Feel free to ask me anything pertaining to my perspective of someone who used to be a Christian and is now an atheist.


By atheist, I mean someone that does not own a belief in a god.

By a god, I mean an interventionist deity that rules over and judges the daily lives of humans.

what were the main reasons that caused you to lose your faith?

I didn't complete that last thought....

When researching both arguments, I felt the secular argument was hard to pick apart. The more I picked at the argument for Christianity, the more holes it seemed to expose that I could not reconcile.

hmm. I understand. but can you tell me what were the specific questions that Christianity couldn't give a good answer to, that caused you to ultimately leave it all?

It wasn't its claim that a god existed. It was its claim of divine revelation. It started with the analysis of what verses to take literally and which ones to take metaphorically. The explanation on where to draw the line seemed arbitrary and open to individual interpretation implying an author whose communication was unclear and confusing. It seemed obvious that a perfect god that created the universe would be capable of communicating more clearly.

I had a hard time determining why I was a Christian as opposed to belonging to another religion. I was a Christian because that was the religion taught to me by the community I grew up around. if I was raised in a different culture, I would have belonged to a different religion. I needed more to understand why Christianity was the correct religion objectively. Christians claim God has placed knowledge in their heart that their religion is true yet members of other religions make the same claims.

The claims of miracles were extraordinary and prevalent yet no signs of such miracles exist today. Many of the stories, such as Jonah and Noah were very far from plausible, creating credibility issues.

There was inherent cruelty in the god as described in the bible. If my son was adopted to another family at birth, I could not fathom choosing to burn and torture him for not knowing me when I never provided any direct evidence. The cruelty and barbarism in the OT was so significant that even the vast majority of Christians today would never consider committing such acts, even if the exact situations arose.

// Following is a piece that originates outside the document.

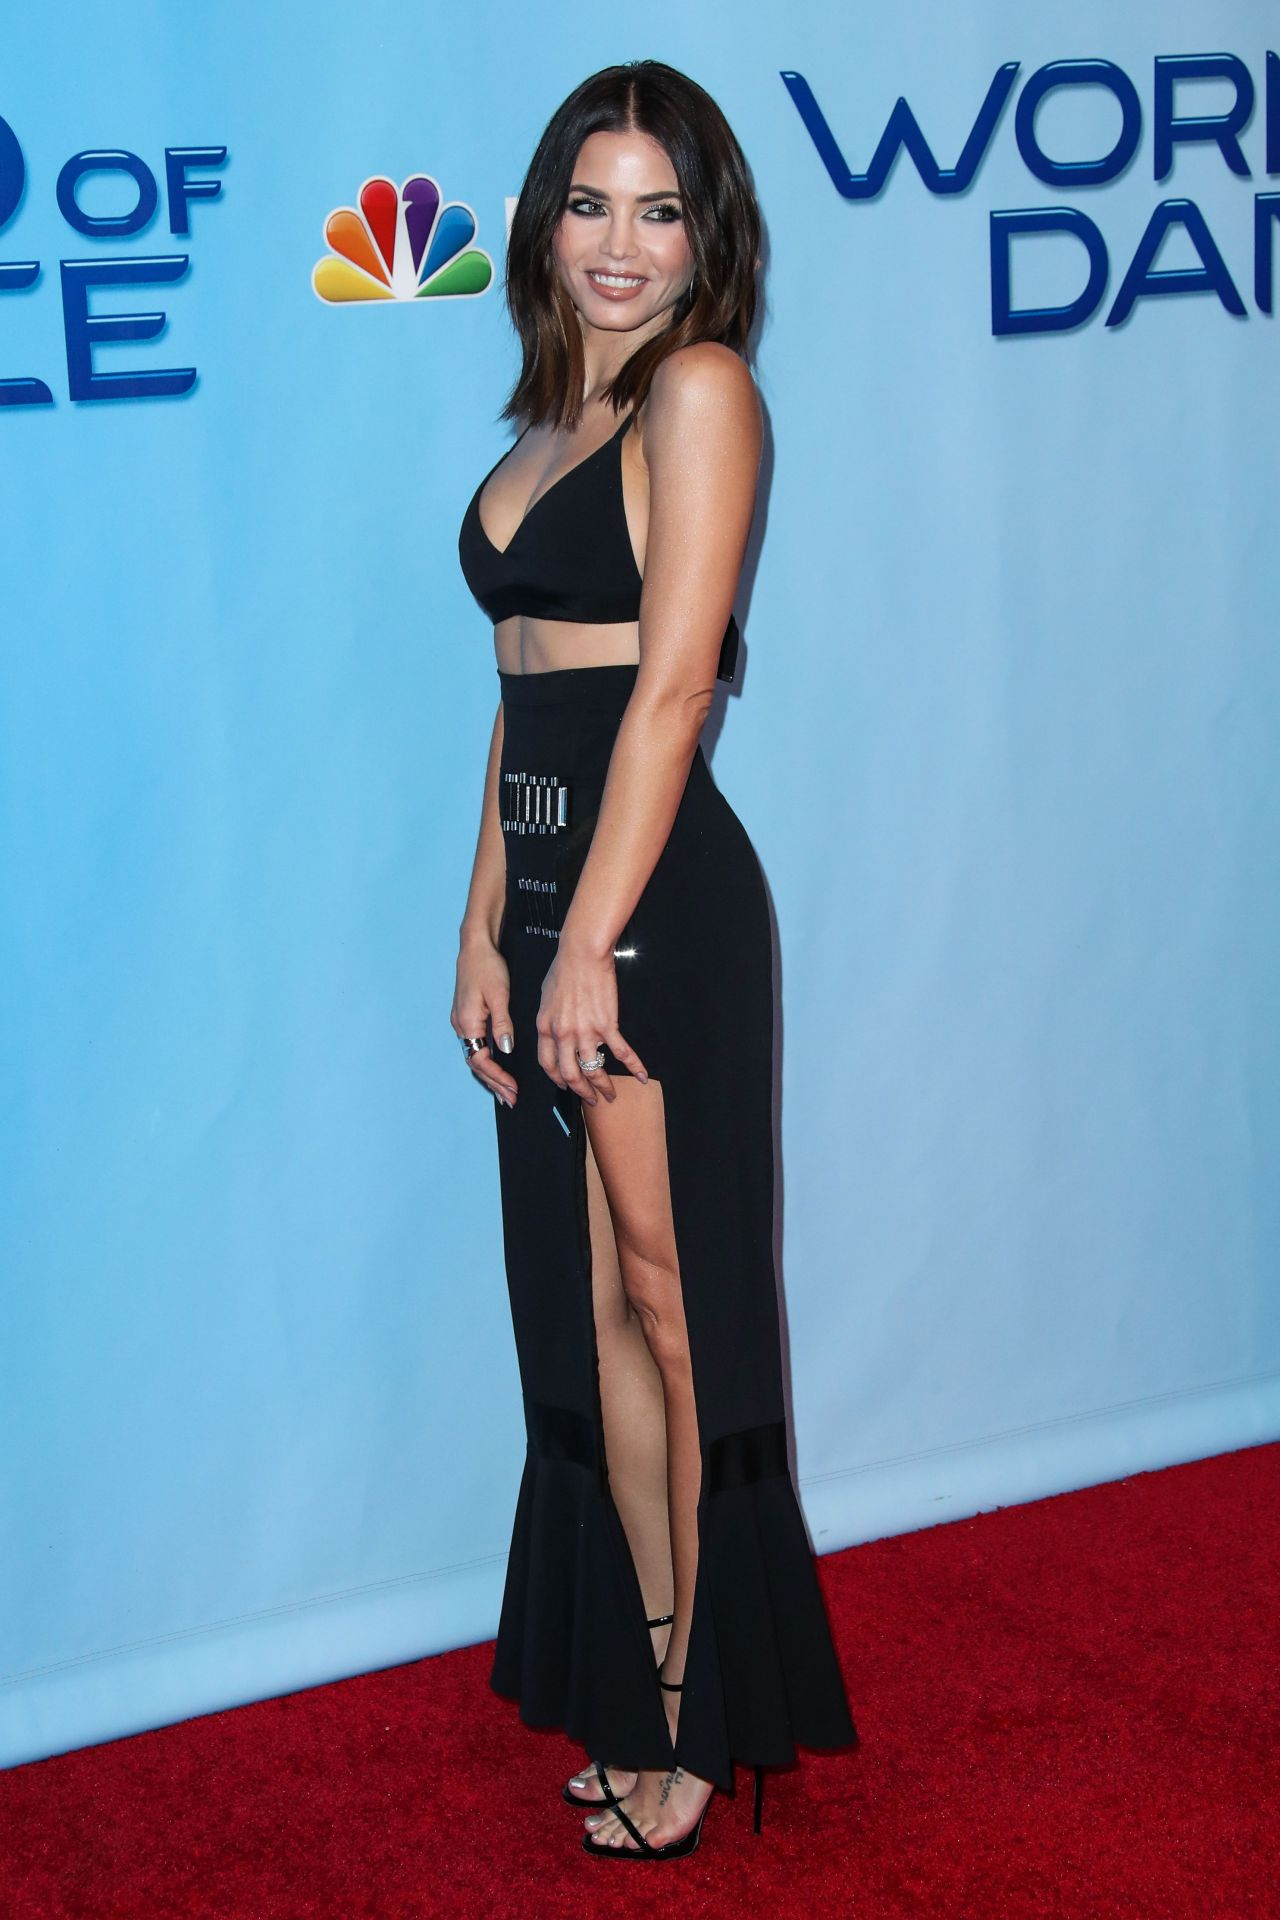 Jenna Dewan Tatum World Of Dance TV Show Premiere In Los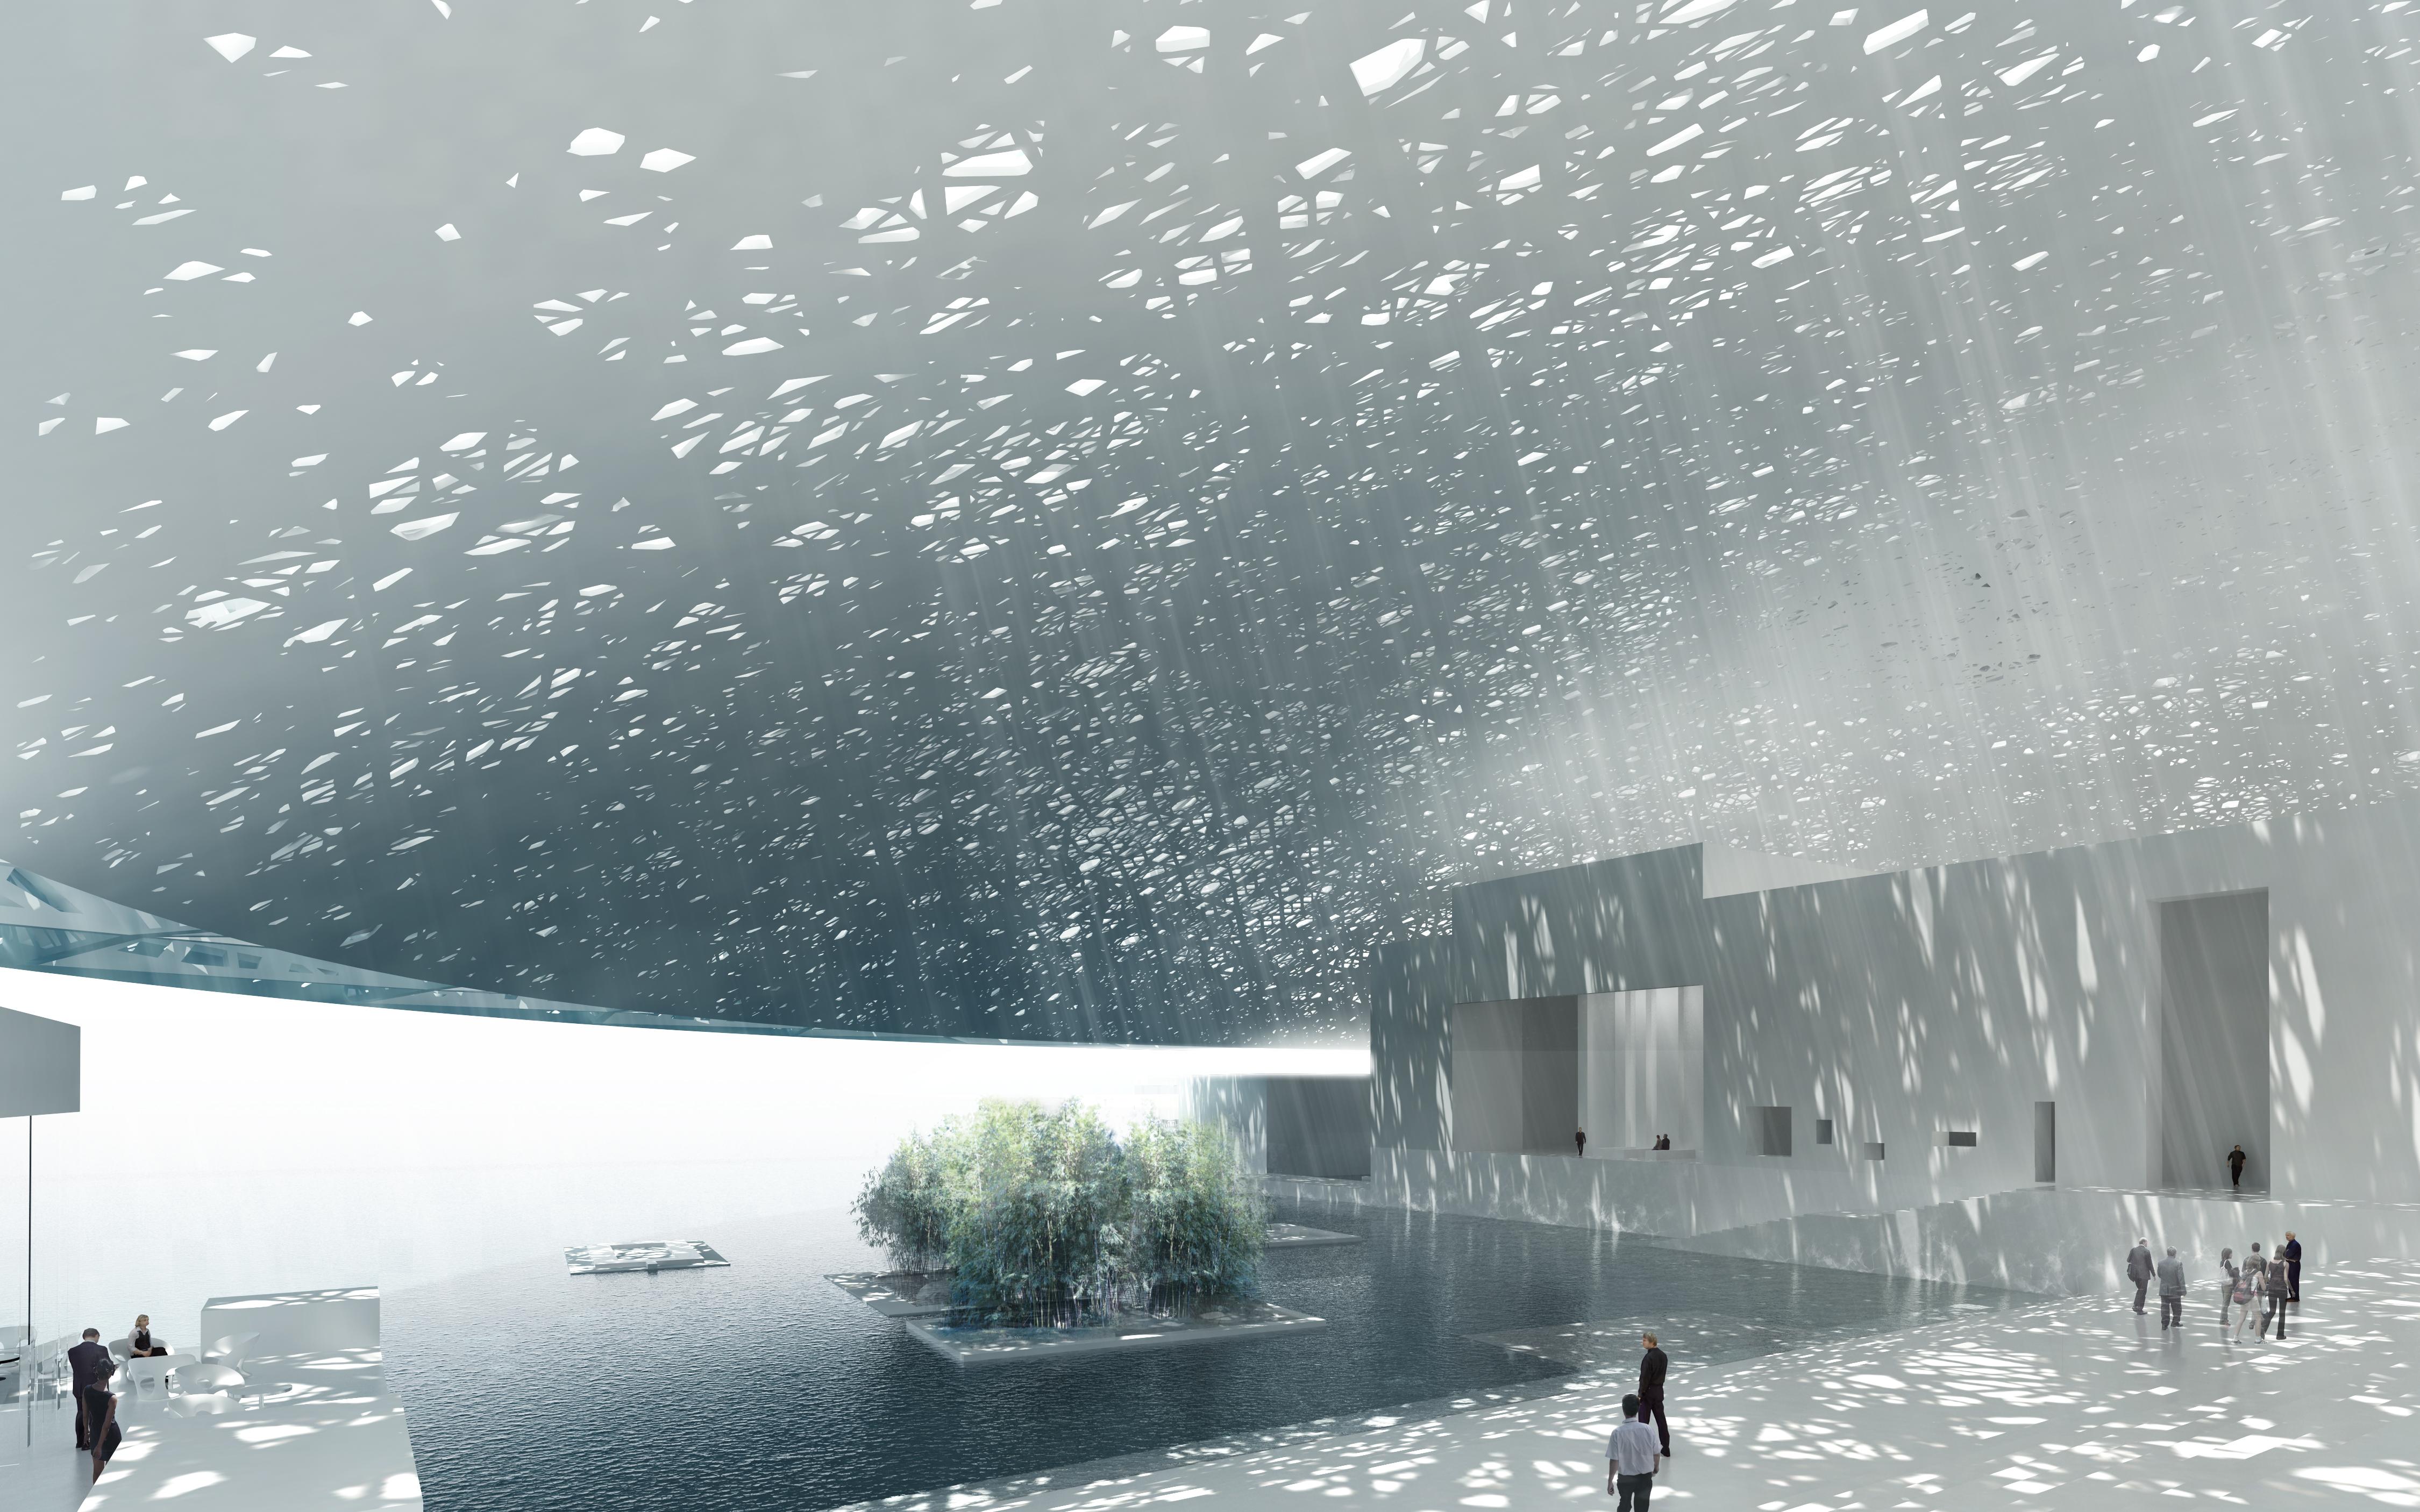 <p>© TDIC, Architect: Ateliers Jean Nouvel </p>

At the end of the day, it is a religion centered around human sacrifice. I could find no reason to believe that human sacrifice was effective. The Bible was a book that I was supposed to believe was correct because other people said I should believe it. Due to its extraordinary claims, I felt a better reason to believe it was needed. Admonishment to simply believe without evidence or satisfactory explanation felt more and more suspect.

Virtually all the justifications in favor of the Bible violate Occams Razor. This was a problem to me.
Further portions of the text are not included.